• _Goal of the exercise_
Go through the entries below and tally each line holding the string "Sets". Return the number only.

%%

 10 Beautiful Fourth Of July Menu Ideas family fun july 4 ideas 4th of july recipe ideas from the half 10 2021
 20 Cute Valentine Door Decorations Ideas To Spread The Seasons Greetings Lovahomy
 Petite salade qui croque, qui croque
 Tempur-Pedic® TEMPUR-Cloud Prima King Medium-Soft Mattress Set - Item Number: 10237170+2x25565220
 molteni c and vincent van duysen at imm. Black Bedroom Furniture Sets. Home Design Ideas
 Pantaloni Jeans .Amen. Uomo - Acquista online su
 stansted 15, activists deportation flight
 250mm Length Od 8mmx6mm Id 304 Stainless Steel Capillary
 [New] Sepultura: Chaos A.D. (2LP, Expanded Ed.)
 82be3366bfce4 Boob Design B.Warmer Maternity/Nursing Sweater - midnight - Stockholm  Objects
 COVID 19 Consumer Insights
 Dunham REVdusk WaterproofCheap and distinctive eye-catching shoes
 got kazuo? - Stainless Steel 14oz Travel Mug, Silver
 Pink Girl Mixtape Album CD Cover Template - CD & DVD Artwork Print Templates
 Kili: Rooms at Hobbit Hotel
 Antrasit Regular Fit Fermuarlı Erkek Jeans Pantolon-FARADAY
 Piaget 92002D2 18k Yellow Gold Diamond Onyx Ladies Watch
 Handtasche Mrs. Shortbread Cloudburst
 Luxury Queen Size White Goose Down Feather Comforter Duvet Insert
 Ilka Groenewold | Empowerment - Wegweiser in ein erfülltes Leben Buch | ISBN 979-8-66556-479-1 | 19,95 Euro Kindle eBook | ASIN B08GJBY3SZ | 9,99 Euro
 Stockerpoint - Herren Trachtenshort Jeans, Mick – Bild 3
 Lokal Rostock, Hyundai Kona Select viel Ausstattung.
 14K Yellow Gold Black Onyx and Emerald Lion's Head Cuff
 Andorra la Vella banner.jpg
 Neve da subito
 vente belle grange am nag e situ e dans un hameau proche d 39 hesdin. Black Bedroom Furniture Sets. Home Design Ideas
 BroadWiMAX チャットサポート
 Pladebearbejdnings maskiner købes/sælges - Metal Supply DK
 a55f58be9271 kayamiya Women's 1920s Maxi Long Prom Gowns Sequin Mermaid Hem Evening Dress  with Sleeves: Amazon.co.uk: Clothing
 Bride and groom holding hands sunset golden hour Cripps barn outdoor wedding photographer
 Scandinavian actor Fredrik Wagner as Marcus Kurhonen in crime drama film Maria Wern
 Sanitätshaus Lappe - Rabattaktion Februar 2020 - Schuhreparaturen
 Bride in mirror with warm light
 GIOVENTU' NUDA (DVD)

%%

• _Exercise answer_
2